Just how do you target and activate specific neurons? You’re introducing the viral vector into an area of the brain, yet it only affects certain cells in that area. How do you make this happen?

DEISSEROTH: The virus gets the gene into all the nearby cells, but the genes are not turned into functional protein (channelrhodopsins) in all of them. That step is achieved with bits of DNA called promoters and enhancers, which regulate gene function, and we design the virus so that the protein is only made by the specific, targeted type of cell. We achieve additional specificity by guiding light spots to a subset of the cells in which the protein is made. And then finally, we developed projection targeting, where you deliver the opsin—the light-sensitive protein—to one part of the brain and deliver the light to another.

The reason this works is that the opsin protein fills the whole neuron; it gets trafficked out into the long axons that extend from one part of the brain to another. If you put your fiber optic in that other brain region, the only thing that’s sensitive to light will be the axons that started from where you injected your virus. So you get specificity by connection type.
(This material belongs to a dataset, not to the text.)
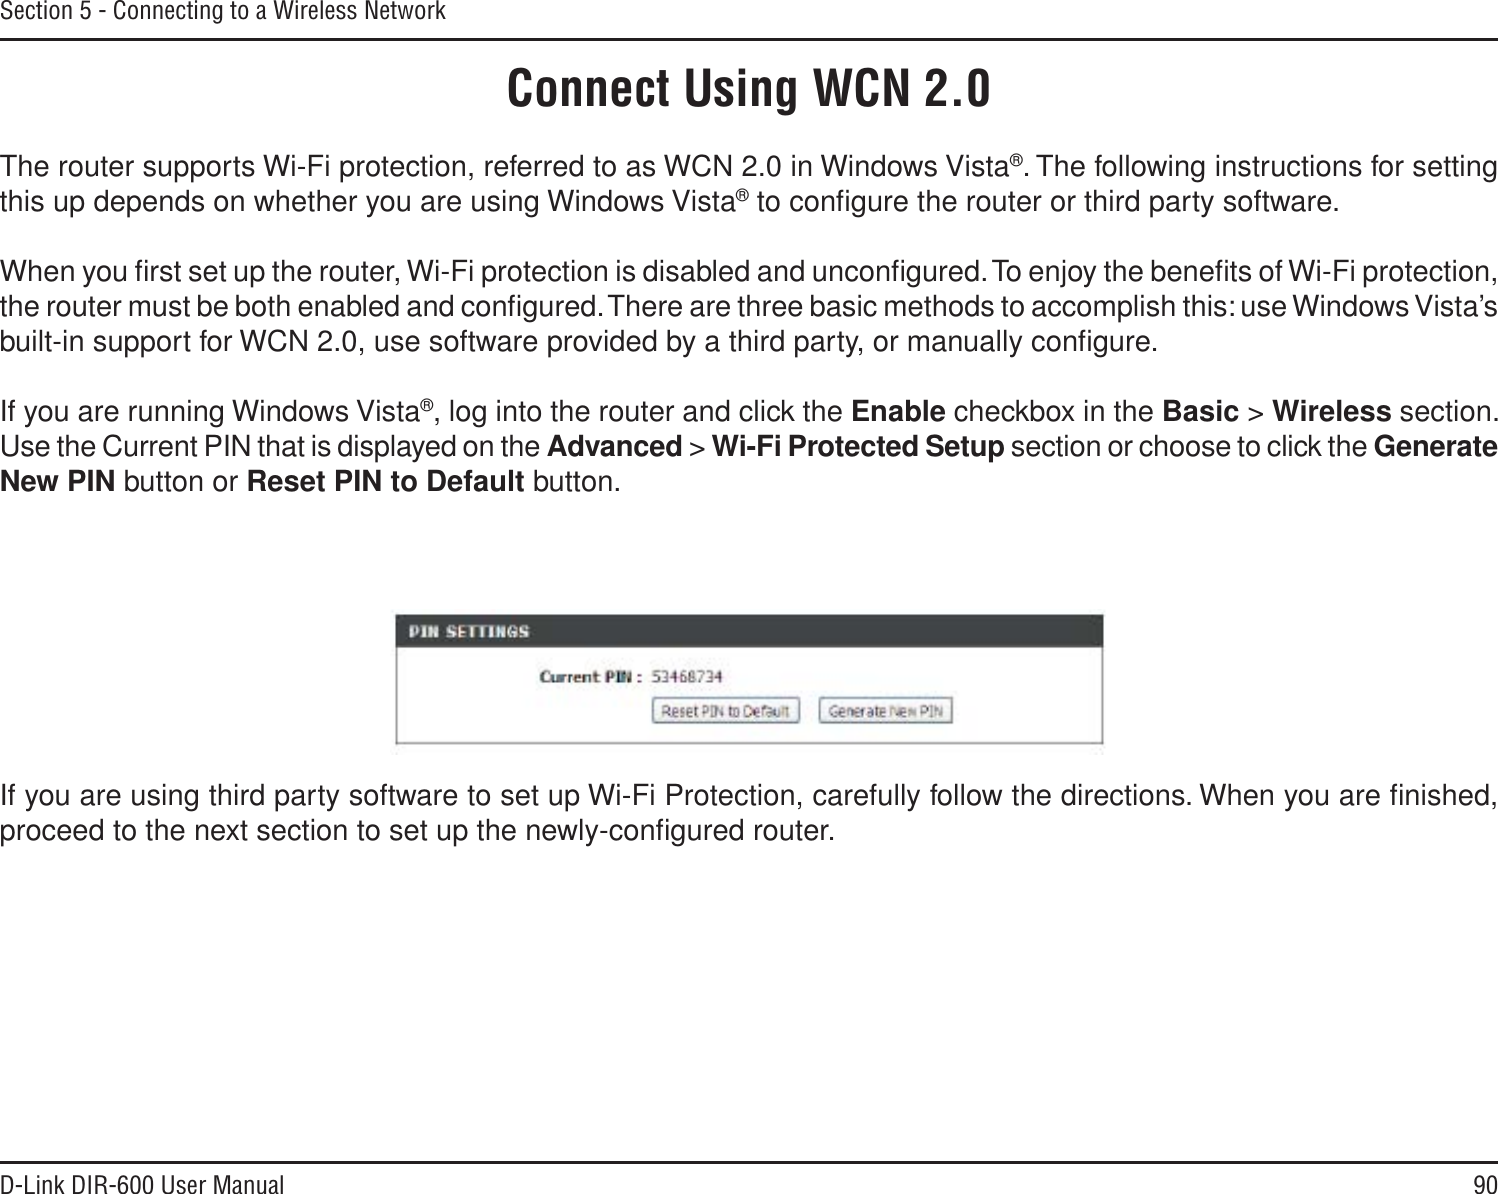 90D-Link DIR-600 User ManualSection 5 - Connecting to a Wireless NetworkConnect Using WCN 2.0The router supports Wi-Fi protection, referred to as WCN 2.0 in Windows Vista®. The following instructions for setting this up depends on whether you are using Windows Vista® to conﬁgure the router or third party software. When you ﬁrst set up the router, Wi-Fi protection is disabled and unconﬁgured. To enjoy the beneﬁts of Wi-Fi protection, the router must be both enabled and conﬁgured. There are three basic methods to accomplish this: use Windows Vista’s built-in support for WCN 2.0, use software provided by a third party, or manually conﬁgure. If you are running Windows Vista®, log into the router and click the Enable checkbox in the Basic &gt; Wireless section. Use the Current PIN that is displayed on the Advanced &gt; Wi-Fi Protected Setup section or choose to click the GenerateNew PIN button or Reset PIN to Default button. If you are using third party software to set up Wi-Fi Protection, carefully follow the directions. When you are ﬁnished, proceed to the next section to set up the newly-conﬁgured router.

So you can use optogenetics to discover neural connections that hadn’t been mapped before and delineate them with more precision?

DEISSEROTH: Exactly. You could demonstrate functional connectivity very efficiently, and on different scales. On a local circuit scale, you can zip your light around to all the cells individually or in combination, while listening to or recording activity. You can see which of the cells you stimulate, which types of cells, which locations, which combinations give rise to the activity of interest.

On the other hand, if you test all the cells and combinations of cells with the broad, high-content recording technologies we’ve developed, you can be quite global and unbiased about the kind of information you collect.

Also, there have long been ways to slowly ramp up or ramp down the activity of individual neurons—chemical methods, for example. But with those methods you don’t have naturalistic timing information, which turns out to be critical. With optogenetics you can be very, very rapid and swift.

Why is timing so important?

DEISSEROTH: The brain is designed to work on millisecond time scales. The speed, the brevity of action potential transmission, is important for survival. We see this all over neuroscience. If you give a stimulus the frequency of 10 Hertz, you’ll get a totally different result than if you stimulate at 80 or 100 Hertz.

Could you give me examples how optogenetics has been applied in neuroscience? Some discoveries it’s facilitated, processes it’s clarified, etc.

DEISSEROTH: One thing is anxiety. We all know anxiety; we know it’s got these different parts to it. We know it feels bad. We know it affects our body: It makes us breathe more quickly and our heart beat faster. And we know it affects our choices: When we’re anxious, we don’t do the risky things that might otherwise happen. All these features, that are so different, come on together and go away together. So somehow our brain has built a way to create this state, to make it coherent and unitary, to have anxiety happen and then go away.